This question has come up before. My answer goes like this.
The universe we live in is 4 dimensional, 3 of length and one of time, and has a curious property, causality travels at the same rate in any direction in these 4 dimensions. Imagine you are standing still (wrt some inertial frame of reference.) Your ability to affect things in the future is constrained to propagate no faster than the speed of causality. Something you do now can only affect things a minute into the future once your action has propagated for one minute. You can’t have something you do now affecting something 10 minutes in the future propagate for only one minute. It can’t reach that future time. Set an alarm clock to ring in a minute’s time. The alarm clock’s state travels into the future a no faster than the maximum rate, and your future self sees the alarm clock ring in one minute. If you want to see what the world looks like in 100 years time, you must wait 100 years. Thus we know that causality propagates at one time unit per time unit, or for use mere Earthlings, one second per second.
But what if things moving?
How do we measure movement? Speed is distance per unit time. So we need to define a distance metric. As Chronos points out above, it makes no sense to use different units for different dimensions. We don’t measure height in inches and length in centimetres. The most obvious unit of length is the second. The basic unit of length is how far causality can travel in one second. Something is some distance from you. What is the shortest possible time something you do now affect that other object? If that object is 10 length units away from you, there is nothing you can do to have what you do now affect that object in less than 10 time units. Causality only travels at 1 unit per unit. If the object is 10 seconds away, it will take a minimum of 10 seconds to affect it. And you can have a mix of travel in time and in space. If you are travelling at some very fast speed you will discover that you are only able to travel of the speed of causality in the mix of time and spatial dimensions. The apparent speed in each dimension can be worked out with nothing more complex than Pythagoras’ theorem.
So how fast is causality? Clearly, in the only sensible units - it is 1. No dimensions, just 1.
Given we have defined the time unit to be one second, our unit of length is one causality second. This turns out to be an inconvenient number, being not too far off from the distance to the moon. And we didn’t know the speed of causality until much later than when we needed to measure lengths. (We missed by a few thousand years.) So we invented all manner of length units that were a bit more convenient. Cubits, yards, feet, metres, furlongs, rods, chains, miles, nautical miles, and so on. We could use seconds. As noted earlier, one nanosecond is pretty close to one foot.*
So what about the speed of light. Well, for a host of interesting reasons, it turns out that if you have no mass, you can’t travel in the time dimension, and can only travel in the spatial dimensions. But remember, the universe constrains us so that we can only travel at the speed of causality. If you are not travelling in time, you must be travelling at the speed of causality in space only. So light travels at this speed.

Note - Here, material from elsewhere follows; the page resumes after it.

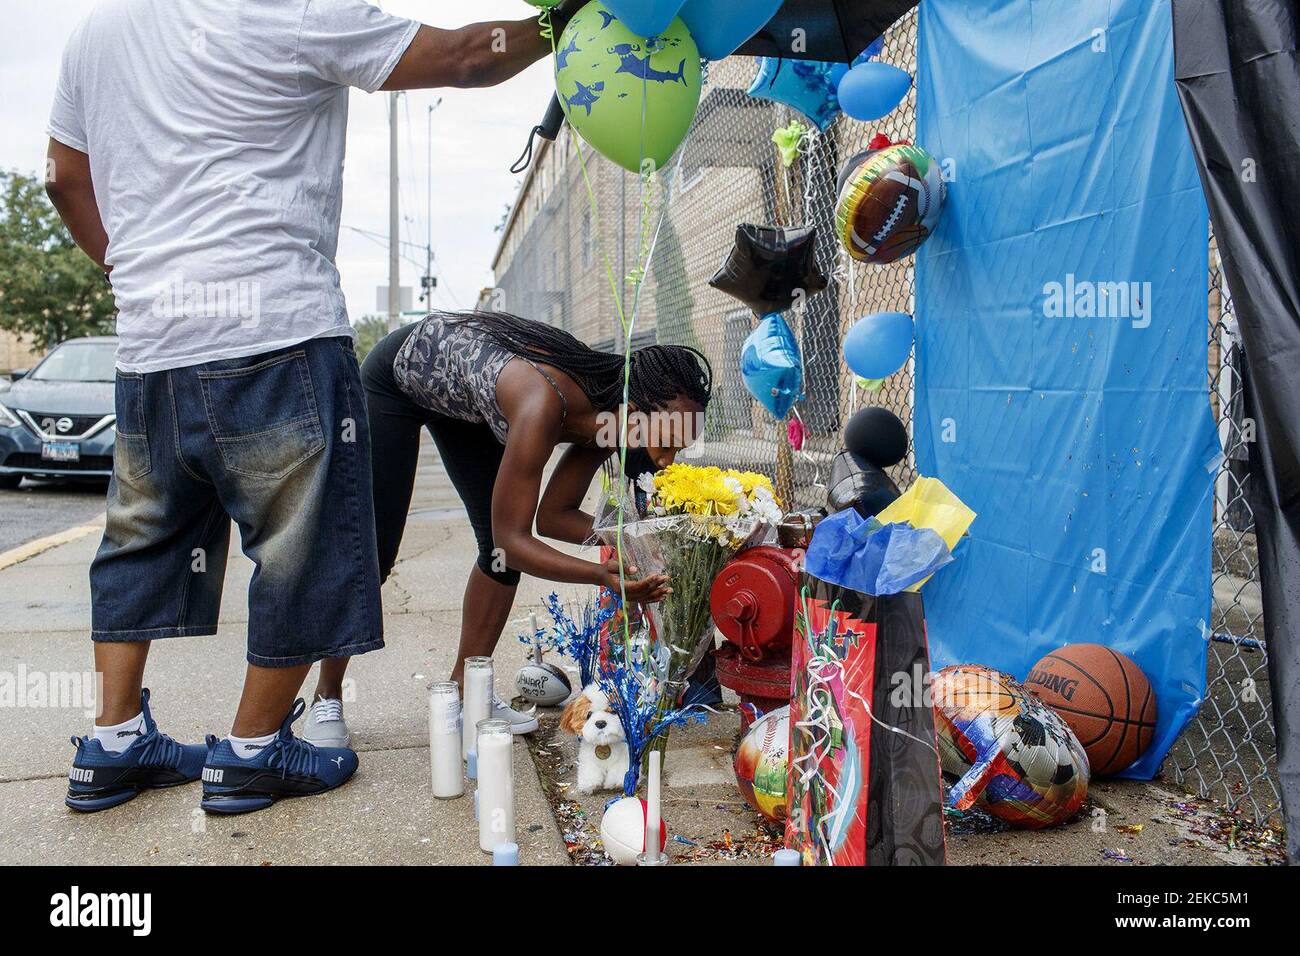 Jalisa Ford se arrodilla en un memorial para su hijo de 9 años Janari Ricks, quien fue asesinado fatalmente el 31 de julio de 2020, mientras jugaba con amigos en las casas de la ciudad de Cabrini Green en Chicago, Ill. (Armando L. Sanchez/Chicago Tribune/TNS) Foto de stock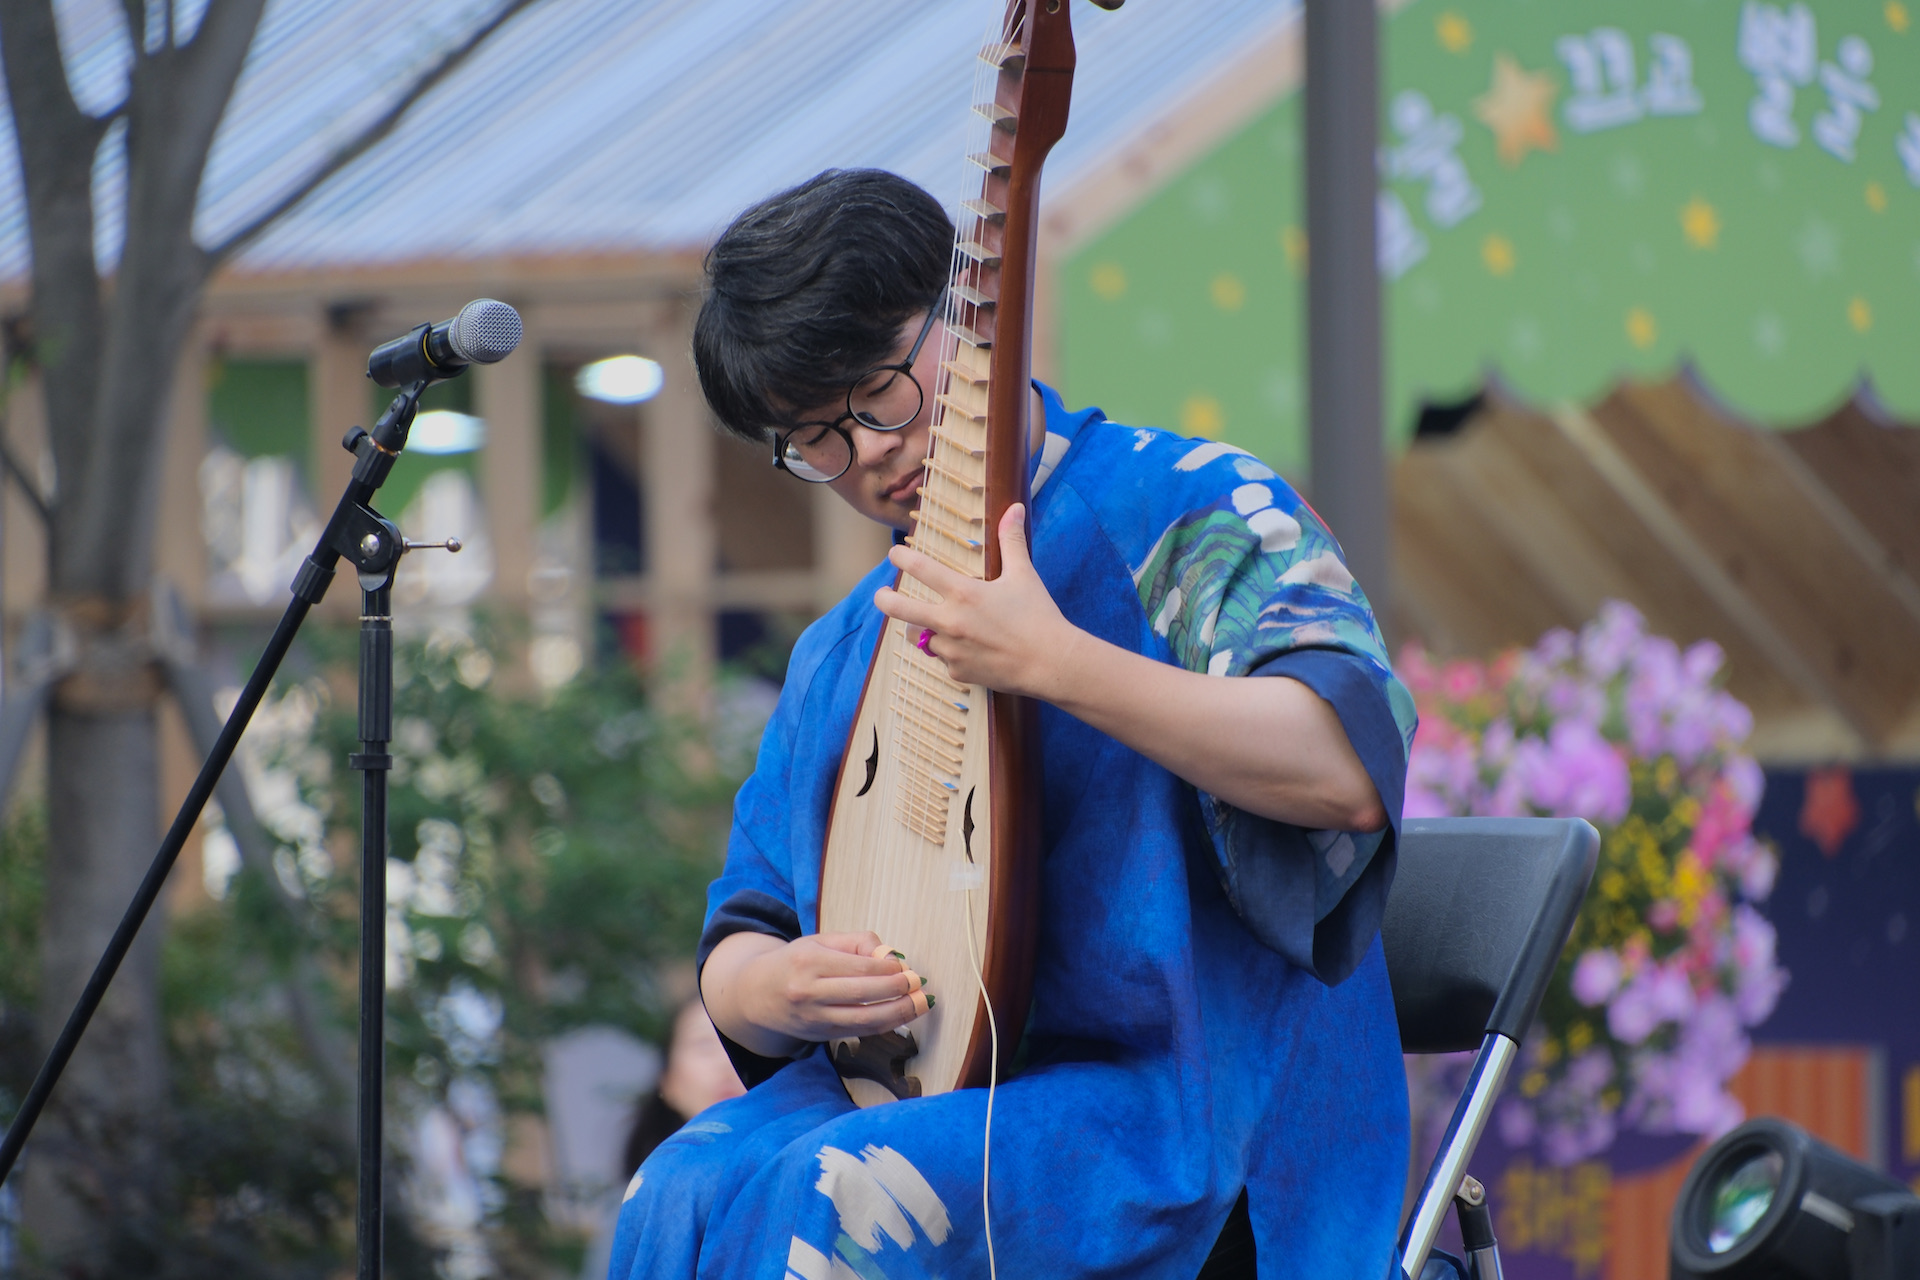 비파 연주자 마롱이 광화문광장에서 공연하는 모습 | 박재현/에포크타임스

And, behold, we measure light to be travelling at the speed of causality in space. And in fundamental units, its speed is 1. If we used feet, its speed would come out at about one billion feet per second.
So how do we define our earthly units of measure? Well the metre was 1/10,000,000 of the distance from the pole to the equator on the meridian that runs through Paris. Not a particularly happy definition, and one that needed work. So they made a metal rod with some inscribed marks. Still not great. Now we define it in terms of time. We need a very accurate clock, and that clock is essentially an atomic clock. A Caesium atom emits energy with a very precise period. We define how many periods of a carefully defined description of exactly which energy emission we are using, and use that time period times the speed of causality to define the metre. Since rather conveniently light travels at the speed of causality, and the energy emission we are concerned with is light, we can measure not simply the time period, but count the number of wavelengths. And so we get the metre.
So why does the emission from the Caesium atom have this nice property we can measure, and this particular value? Well it is governed by some other laws of nature, and some other physical constants. And a key one of those for these purposes is the fine structure constant. Why does the fine structure constant have the value it does? We have no idea, but as noted above, we should be eternally grateful that it does.
- Whilst writing this I had the inspiration to initiate up a Kickstarter project to make a one nanosecond ruler. There are companies that make steel rules that will do custom rulers. (usually just with your company logo on etc) but it is just a matter of defining an etching pattern. A one nanosecond ruler would fit on the same blank as used for a one foot ruler. But rather than inches and fractions, the ruler measures exactly one nanosecond, and is divided in to 10 sub divisions, of 01. nanoseconds each, with further divisions beneath. Close to useless, but makes an important point. Maybe someone has already done this. I would buy one.